But you're correct in saying that until now, largely most of the science has been on studies of single news stories spreading. For instance, a news story about the Boston marathon bombing or the discovery of the Higgs boson or the Haitian earthquake, or it's been studies of very small samples of Twitter posts or Facebook posts and so on. So what we set out to do in this study is to comprehensively analyze all of the false news that has ever spread on Twitter from its inception in 2006 through to 2017, including the presidential election cycle of 2016, where a lot of the attention has focused and to our knowledge, it is the first large scale and certainly to date the largest longitudinal study of the spread of false news online.

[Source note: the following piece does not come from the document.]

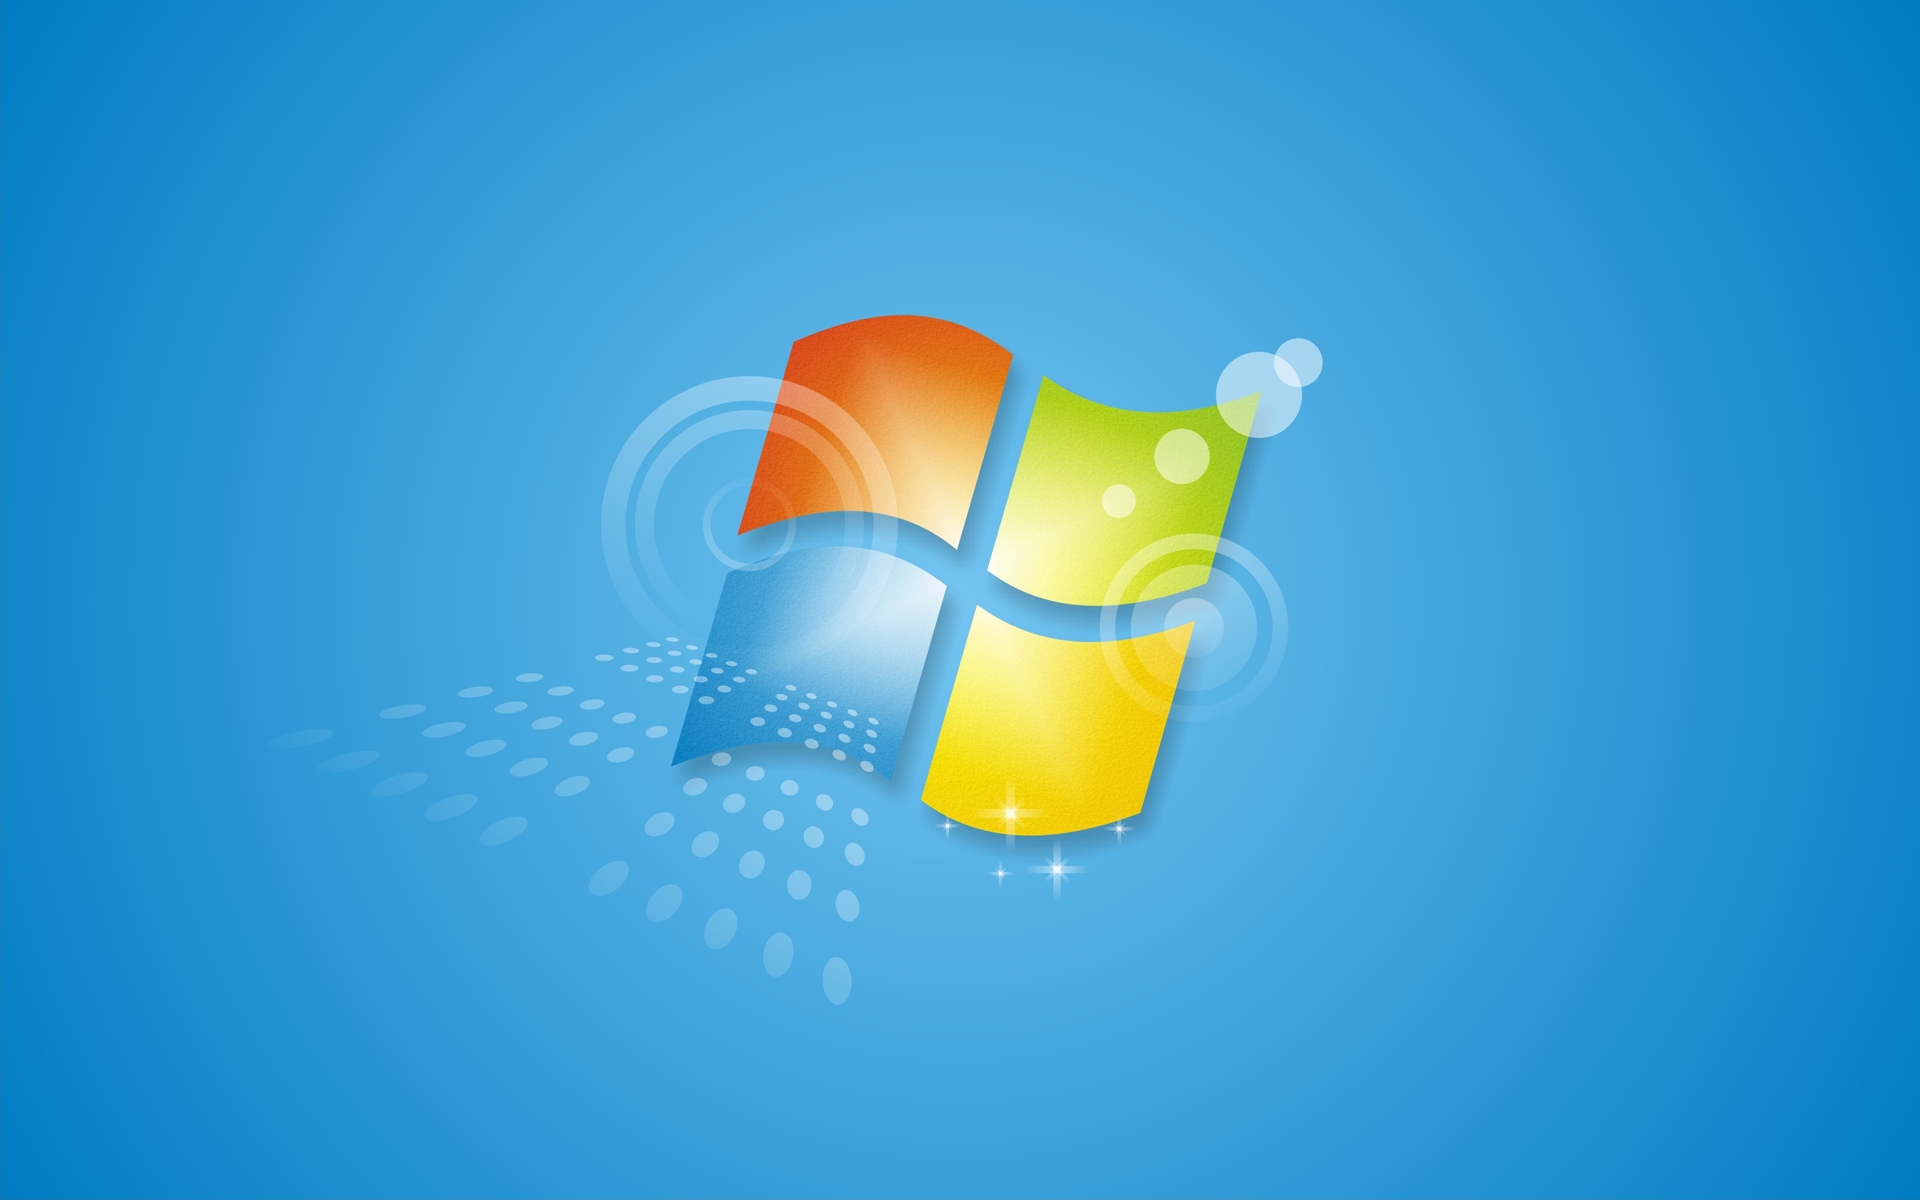 Windows 7 là một trong những hệ điều hành phổ biến nhất hiện nay. Với giao diện trực quan, dễ sử dụng cùng những tính năng vô cùng tiện lợi, Windows 7 đã và đang được người dùng yêu thích. Hãy khám phá thêm về hệ điều hành này để hiểu rõ hơn về lý do vì sao nó trở thành lựa chọn hàng đầu của rất nhiều người dùng.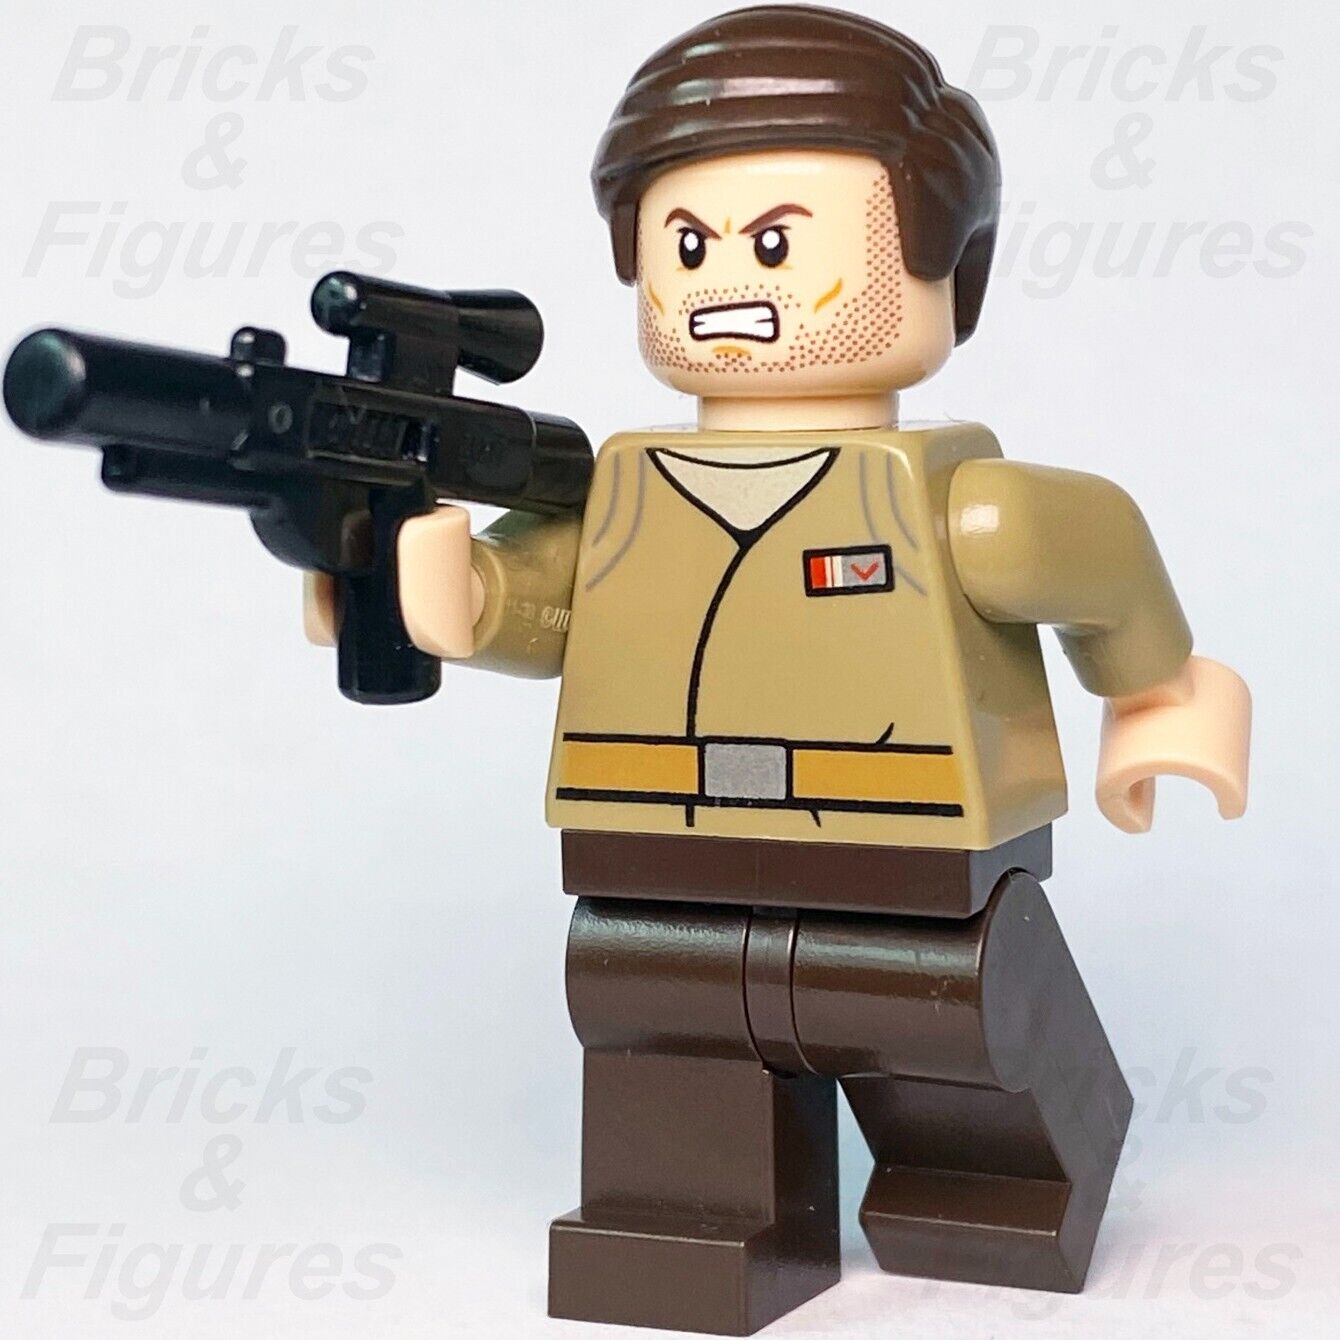 LEGO Star Wars Resistance Officer Minifigure Major Brance 75184 sw0876 Trooper - Bricks & Figures

I want to unpack those findings, but first I want to talk to Tim O'Reilly. The MIT Sloan Expert Series recently sat down with Tim. He is the founder and CEO of O'Reilly Media and the author of several books including what's the Future and why it's up to Us. Here's what Tim had to say about the problem of false news. Well, I think the fundamental problem that we have today is that we have a medium that we don't fully understand. That is social media has completely changed the landscape of how people receive information, how they pass it on, how they interpret it. And there's, I think, some pretty big challenges that come from the fact that many of the traditional signifiers that we've used to, you know, connote authoritative vetted information are absent.
And it's very easy to simulate things that look just as plausible as what used to be considered, you know, vetted information. And so I think that the issue of scale and speed with which misinformation spreads, I think is the really key problem. But of course, this is not entirely new. The incentives in our media system that have changed. You know, it used to be that we had this base of local subscribers and you had to serve that base and you built a reputation with them. And now it's basically almost entirely ad based media. And ad based media chases the clicks, chases the attention. And that's always been the case on the ad side is it panders to sensationalism.
We have really come to understand what cognitive buttons to push. And there's a whole science in Silicon Valley of how do you manipulate people, how do you get them to do things that they don't want to do? I mean, we have basically figured out how to hack people's brains for profit. And now we're starting to understand people are saying, well, you don't just have to do it for profit, you might do it for political ends, for example. And our traditional media needs to recognize the self destructive behavior. Our politicians need to recognize the self destructive spiral they're in of algorithmically trying to basically purvey false stories to get elected, trying to manipulate electoral maps so they'll get elected rather than going back to say what were we really trying to do? We were trying to have a real debate about ideas and have persuade people about the truth.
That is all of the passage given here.